Aiaos boasts a wide range of cuisines, although fewer than on worlds with a wider climatic range.
Major Culinary Traditions
Other Cuisines
Halfling travelling bands have developed a rich fusion cuisine, adopting elements from everywhere they travel and swapping recipes with everyone they meet. The stockwains maintain stores of less perishable foods - potatoes, beets, rice and cereals (usually wheat, barley and rye,) dried fruit and tomatoes, oils, vinegars, dried herbs and spices, beer, wine and spirits - and they excel in foraging for and making good use of local meats, greens and fresh fruit and vegetables.
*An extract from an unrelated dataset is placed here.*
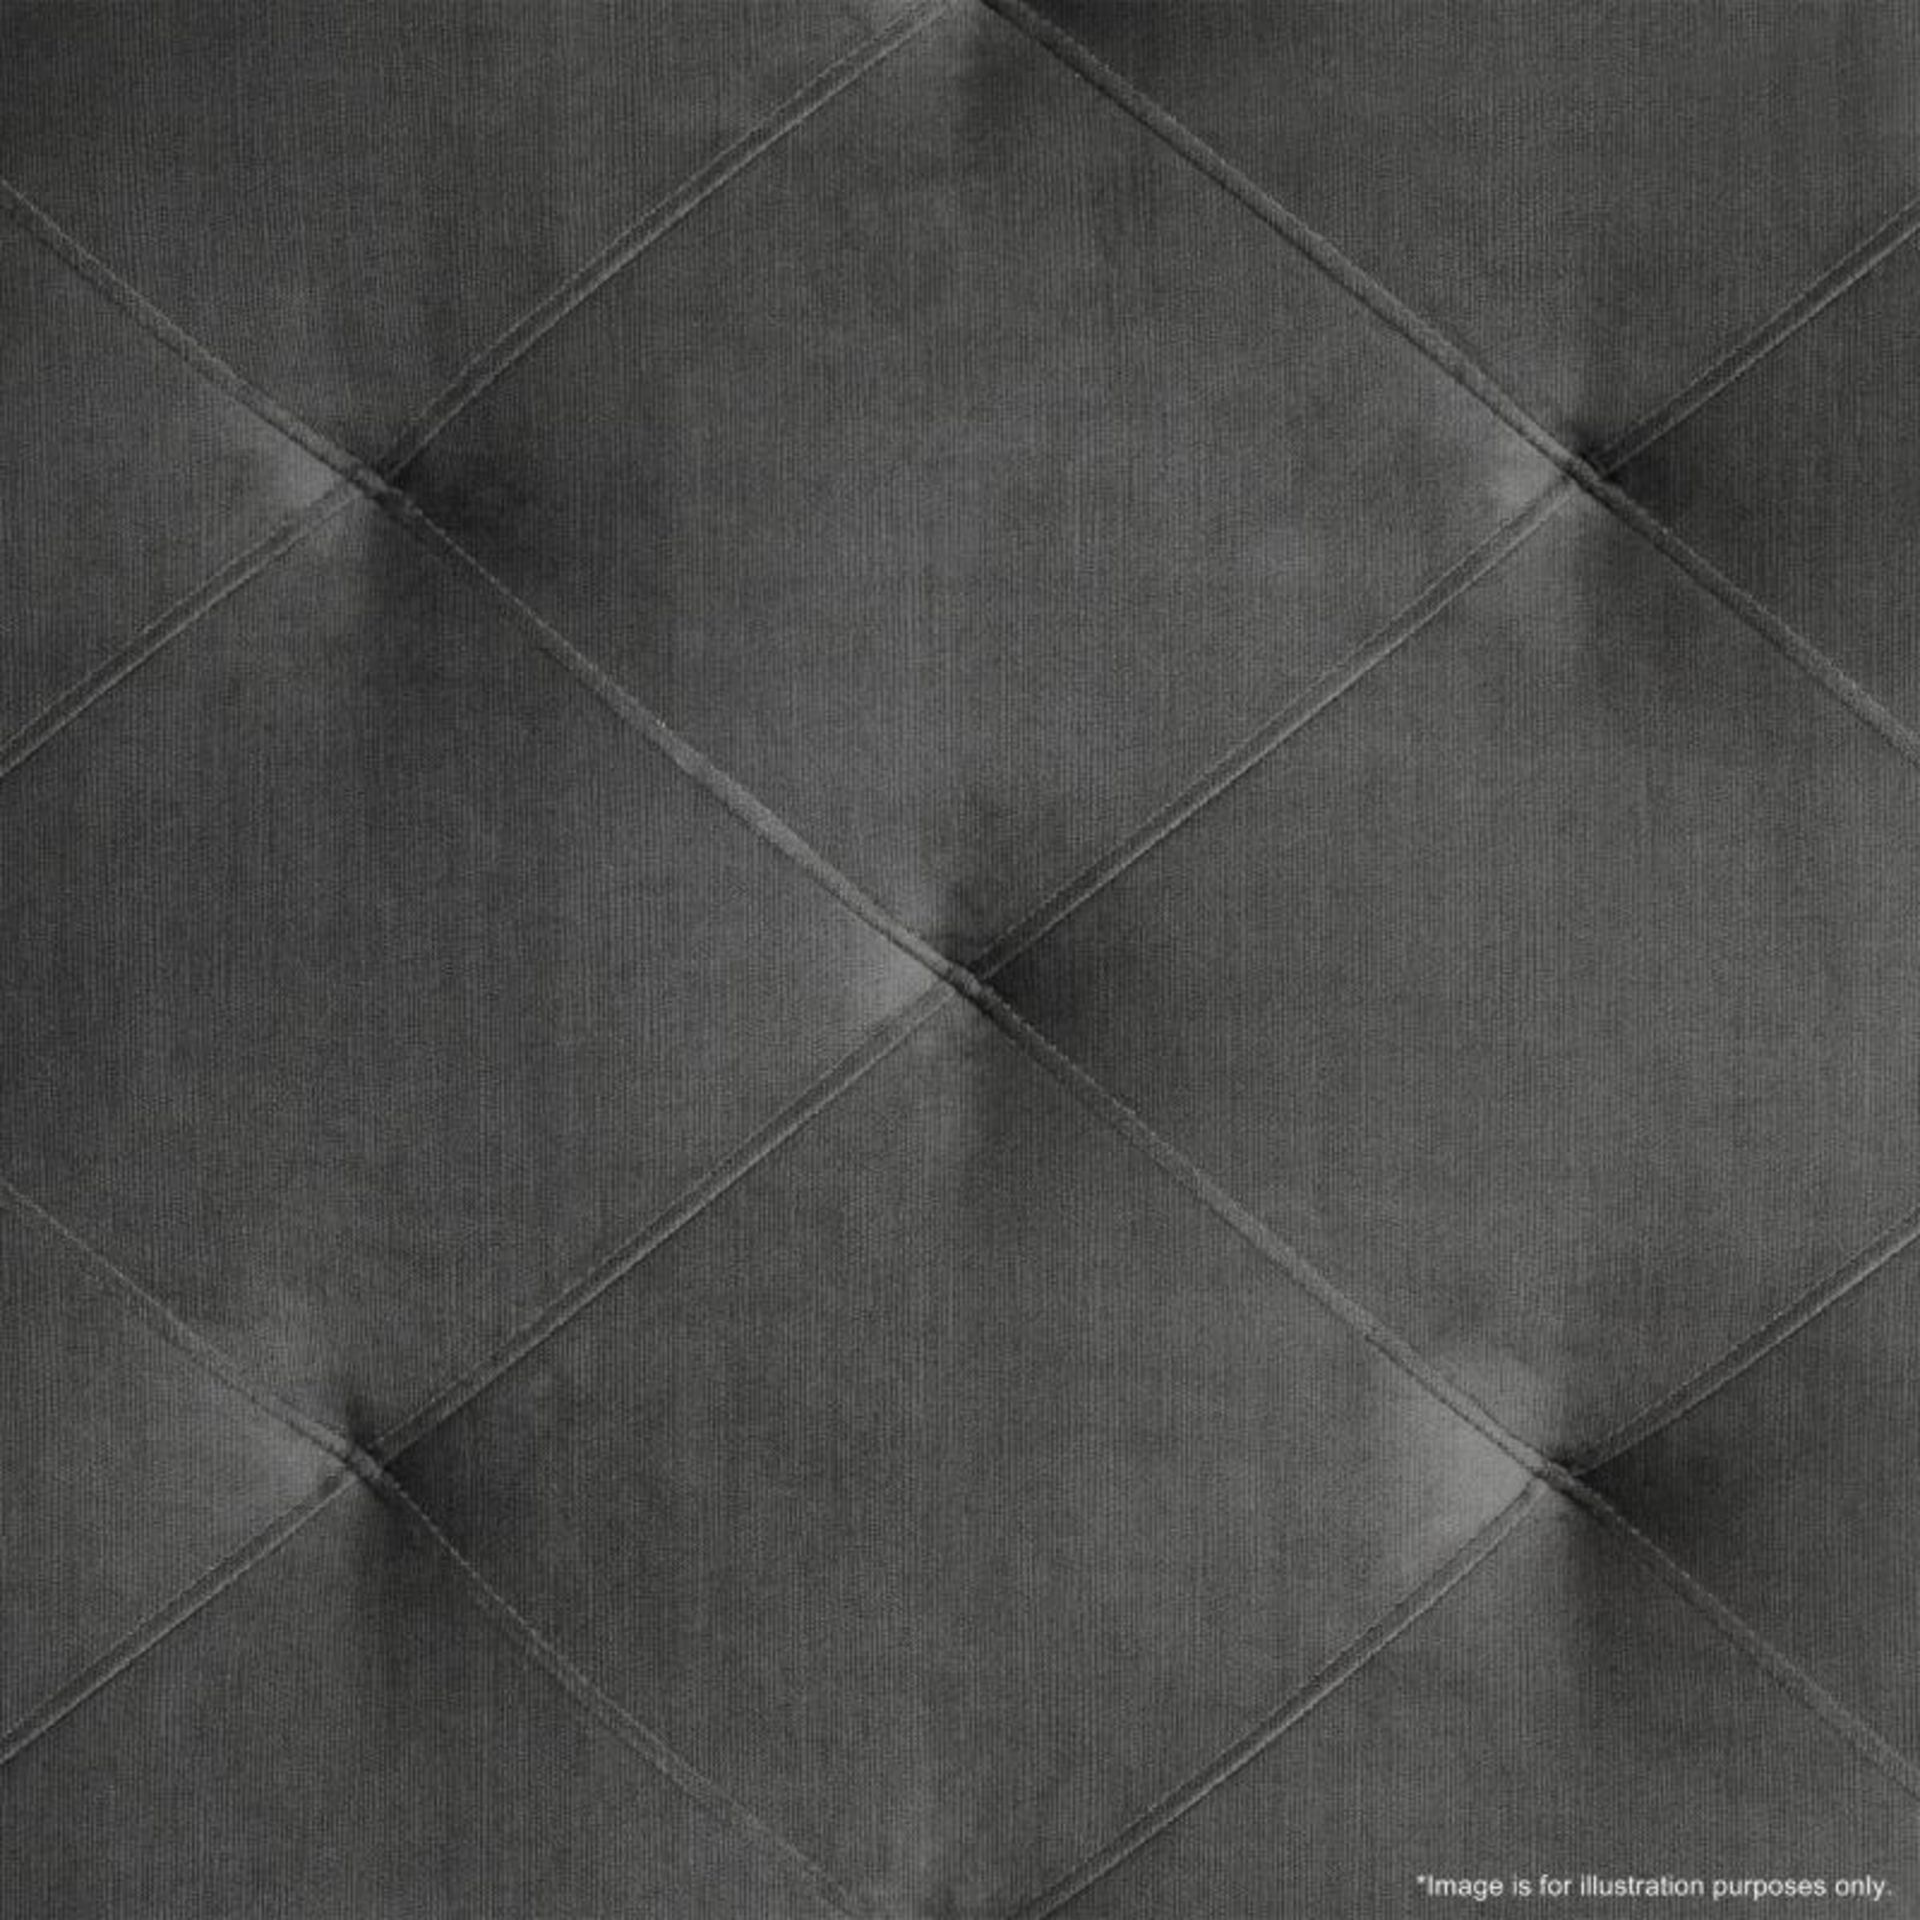 1 x Eichholtz 'Cesare ' Chesterfield-Inspired Upholstered Headboard In A Granite Grey Velvet - Dime - Image 4 of 10
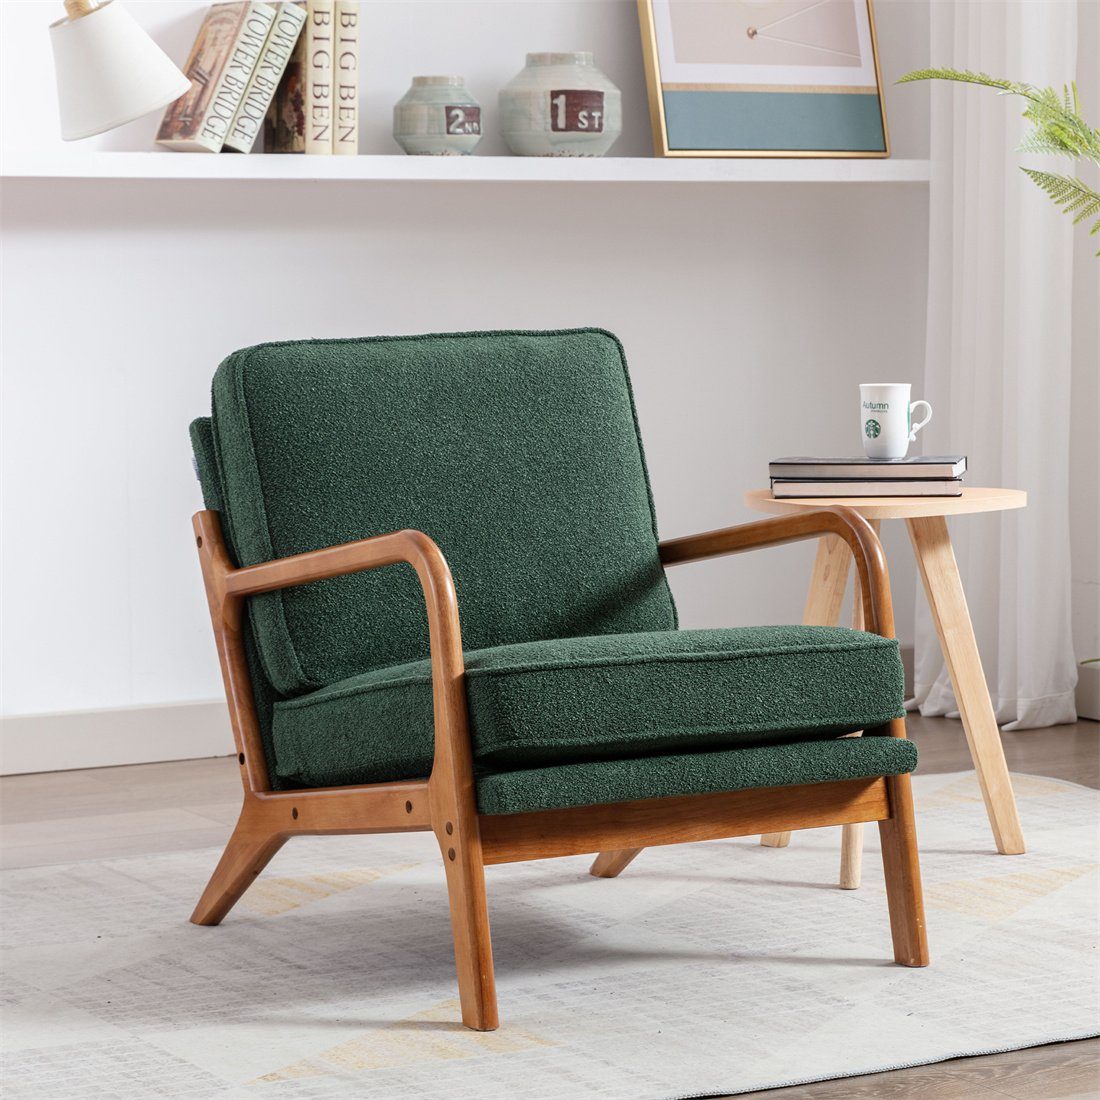 DÖRÖY Polsterstuhl Holzgestell Sessel, Moderner Dekorativer Stuhl Wohnzimmer Lounge Stuhl

The most famous elements of halfling cuisine are a range of breads and hearty stews, and breakfasts of cured meat and eggs, typically served fried.
Scutora holts have a more insular and less inventive cuisine, designed mostly to provide for the scutors going through their skin-lives. Soy and algae grown on top of the holt are staples of this cuisine, with spices and herbs brought home by travellers supplying variation to a range of soups and broths. Local ingredients are sourced as the holt travels, and incorporated into the soups.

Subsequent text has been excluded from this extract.